> **ASSIGNMENT**
What you need to produce from the material below is an exact transcription of the lines from the one with "DEELUXE Snowboard Boots" through the one with "Take a tour with Okinawa Bus!", both included, and no other line.

> **MATERIAL FOR THE TASK**
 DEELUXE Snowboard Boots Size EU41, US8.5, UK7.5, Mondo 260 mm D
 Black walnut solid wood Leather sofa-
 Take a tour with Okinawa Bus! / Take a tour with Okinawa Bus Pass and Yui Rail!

==

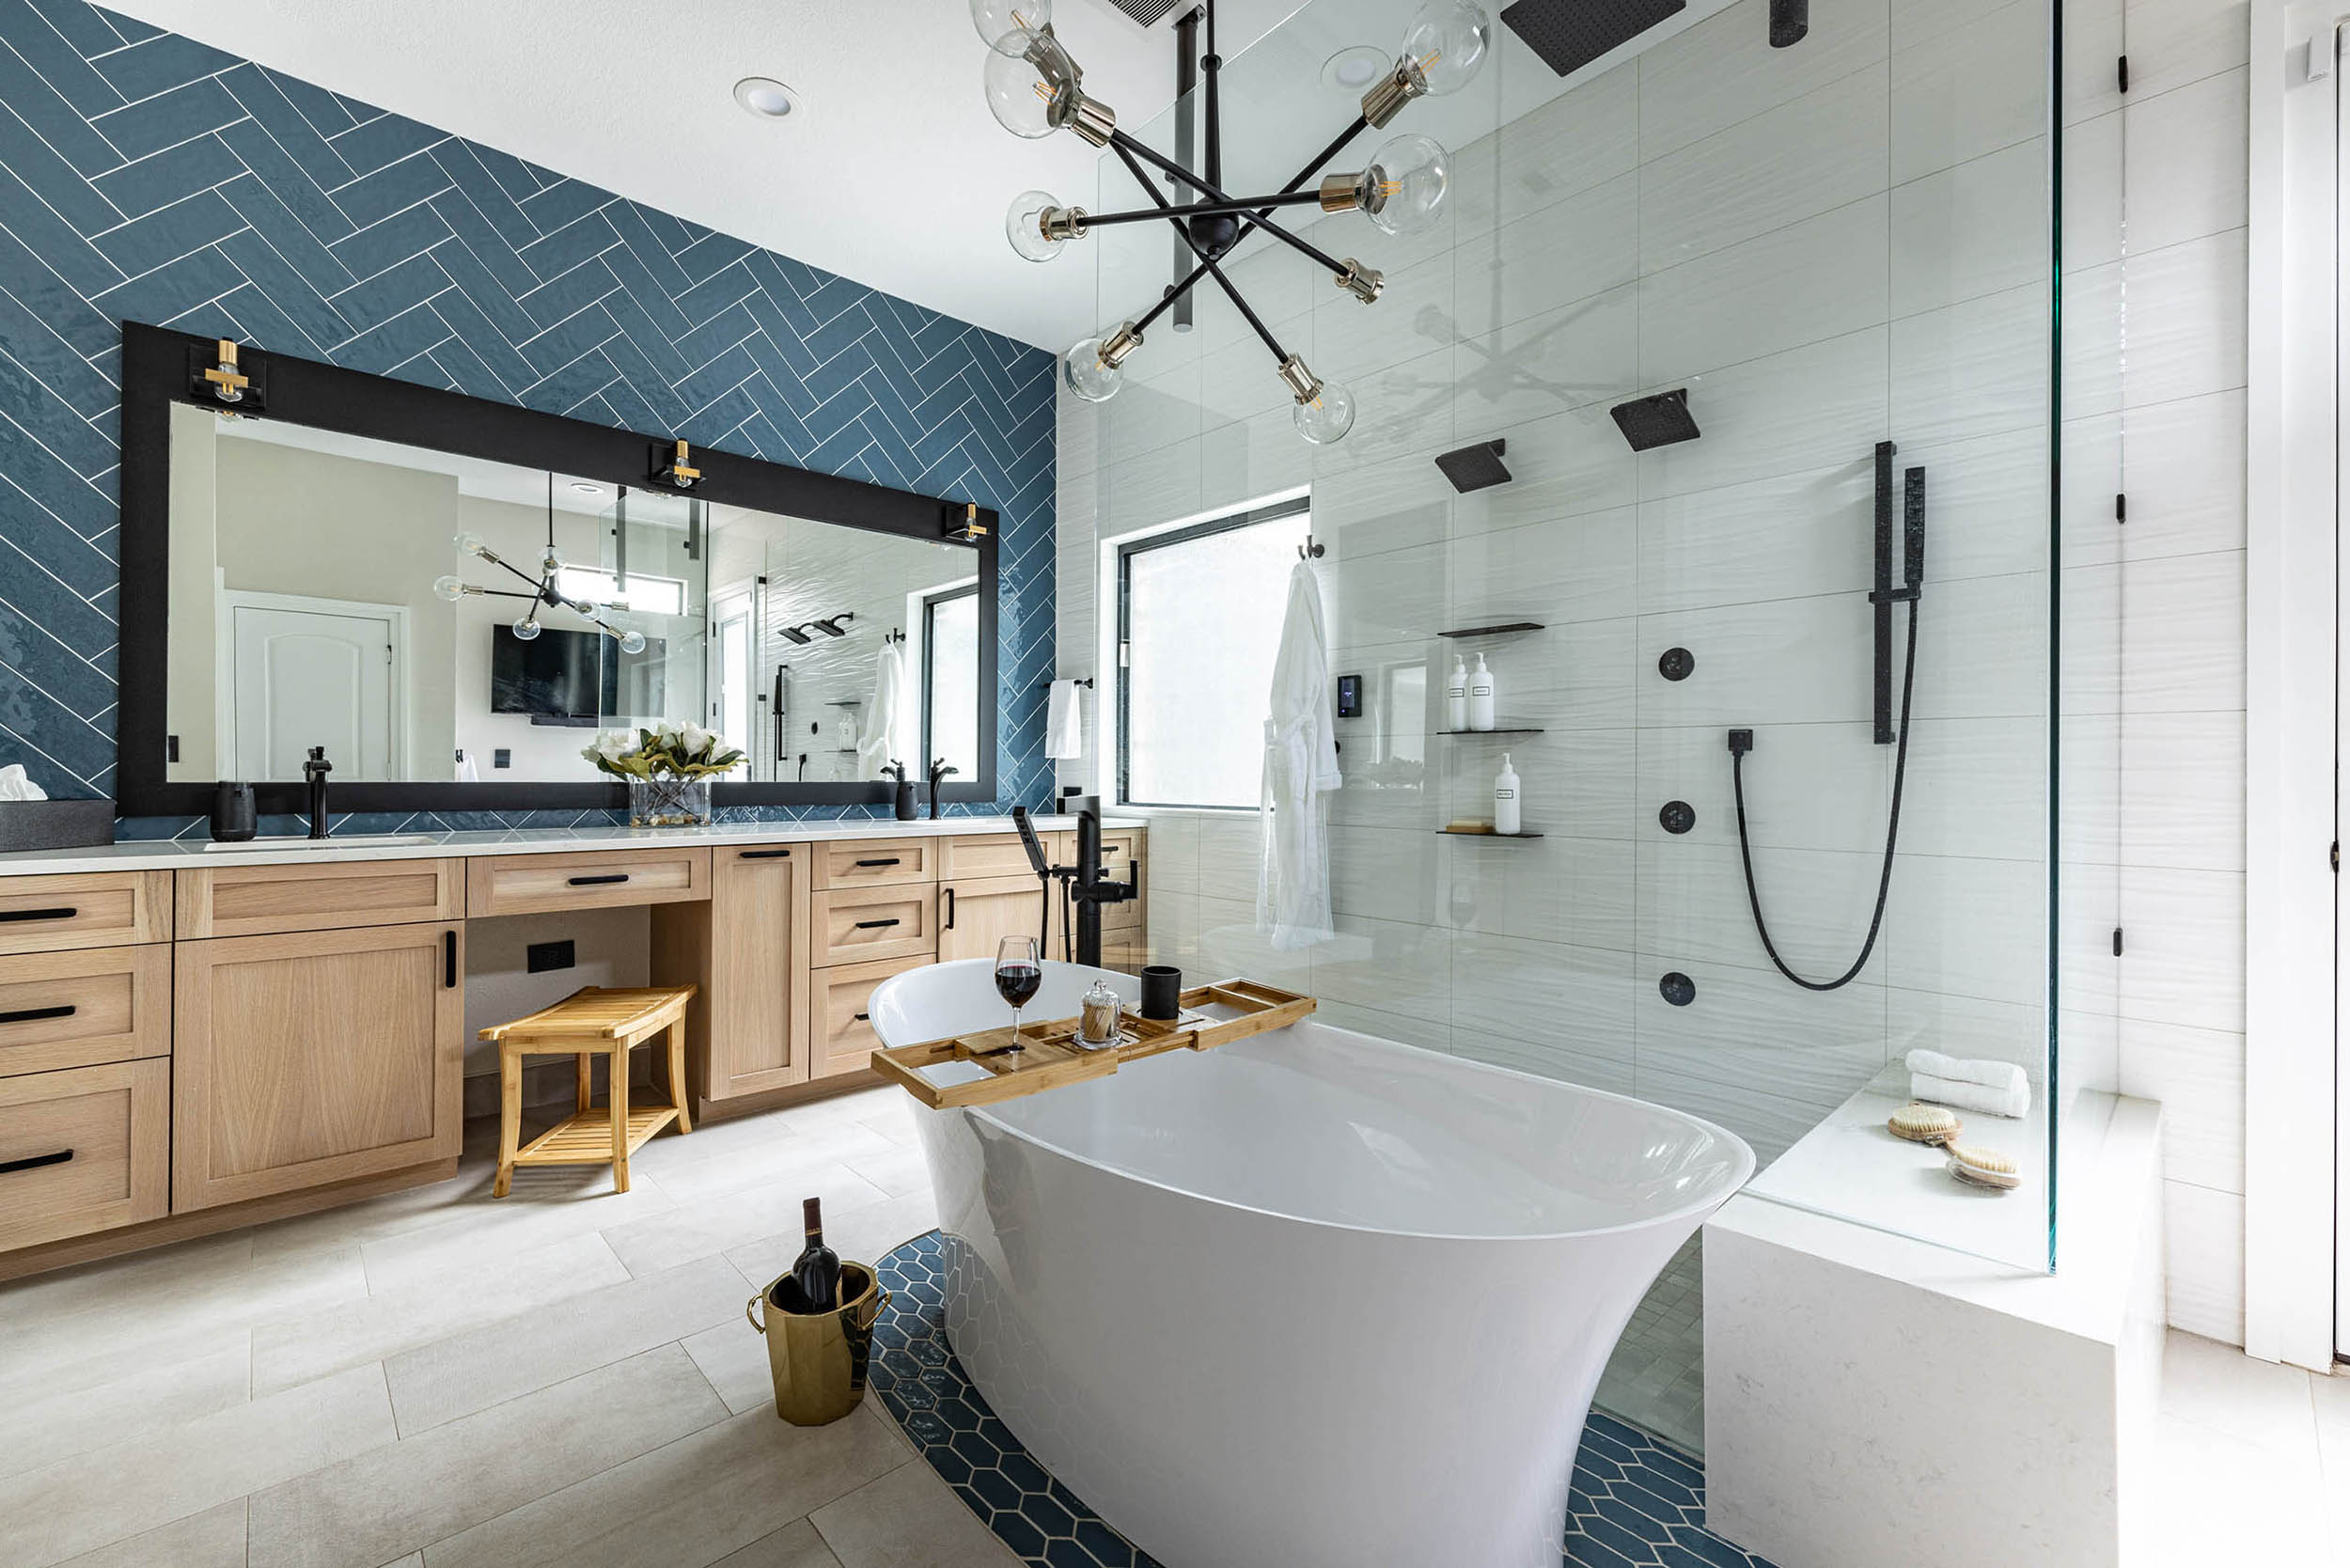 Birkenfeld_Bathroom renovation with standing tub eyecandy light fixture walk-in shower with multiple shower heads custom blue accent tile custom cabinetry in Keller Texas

--

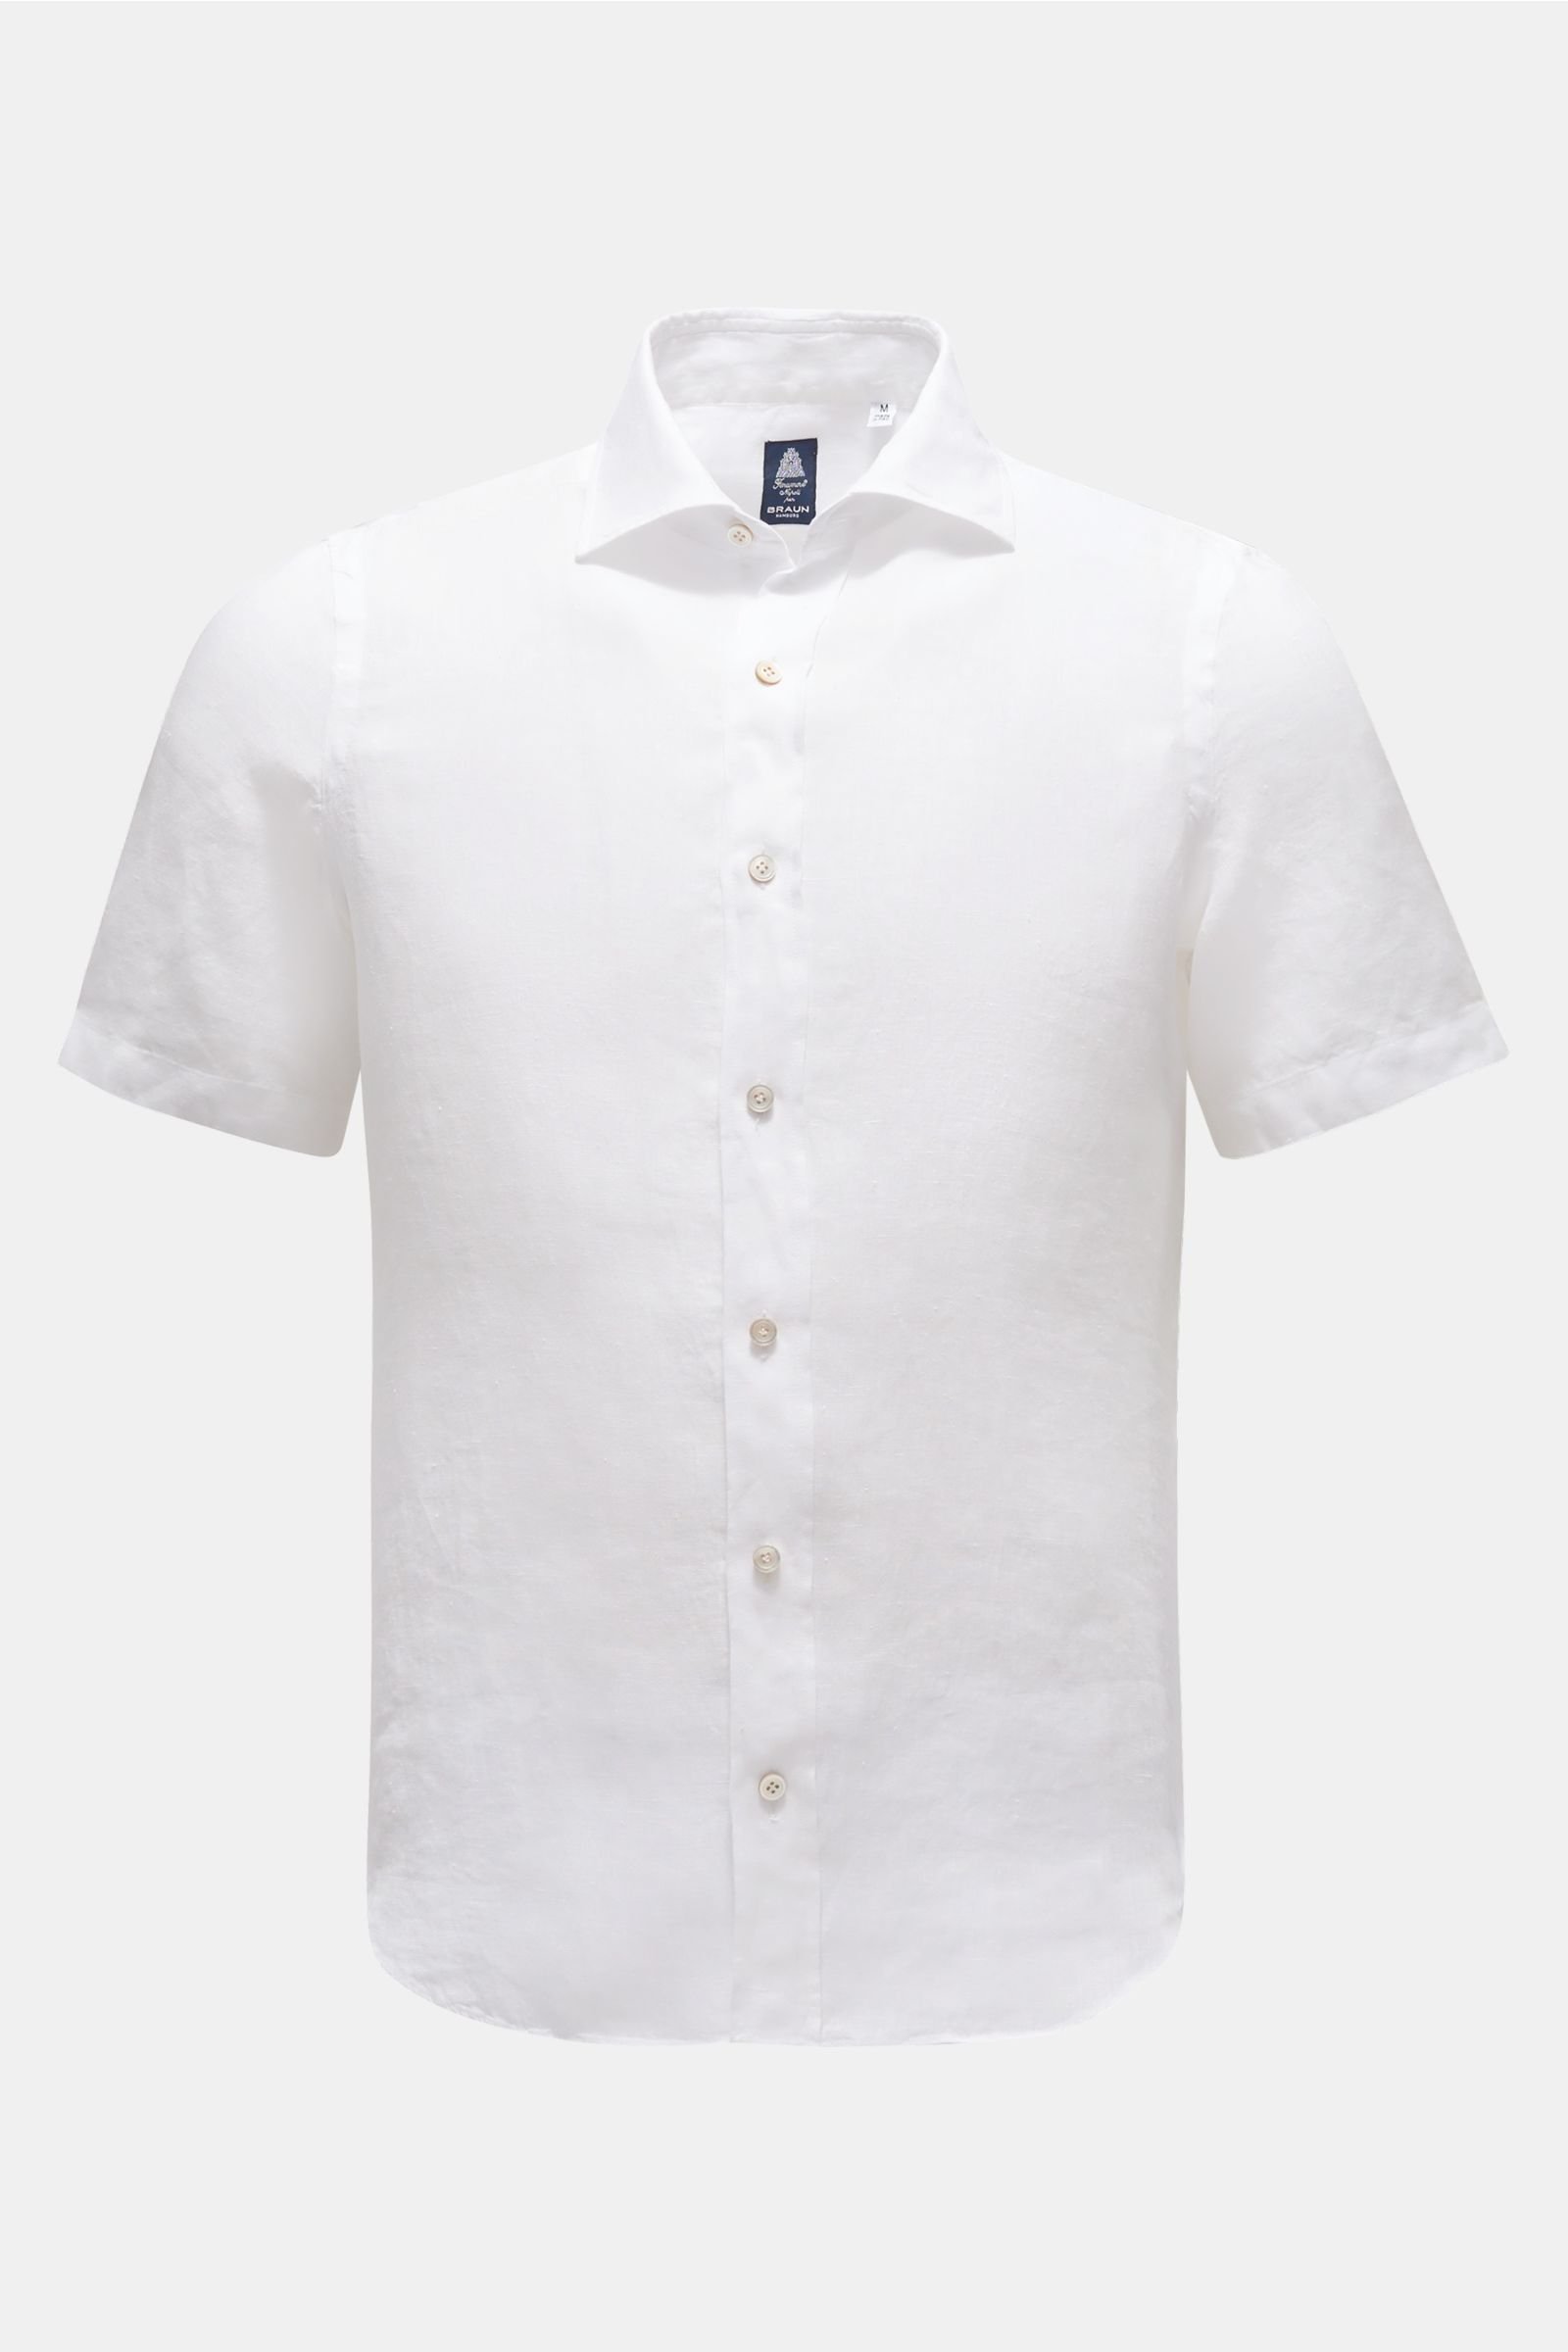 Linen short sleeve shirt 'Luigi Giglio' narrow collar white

> **WRITTEN ANSWER**
 DEELUXE Snowboard Boots Size EU41, US8.5, UK7.5, Mondo 260 mm D
 Black walnut solid wood Leather sofa-
 Take a tour with Okinawa Bus! / Take a tour with Okinawa Bus Pass and Yui Rail!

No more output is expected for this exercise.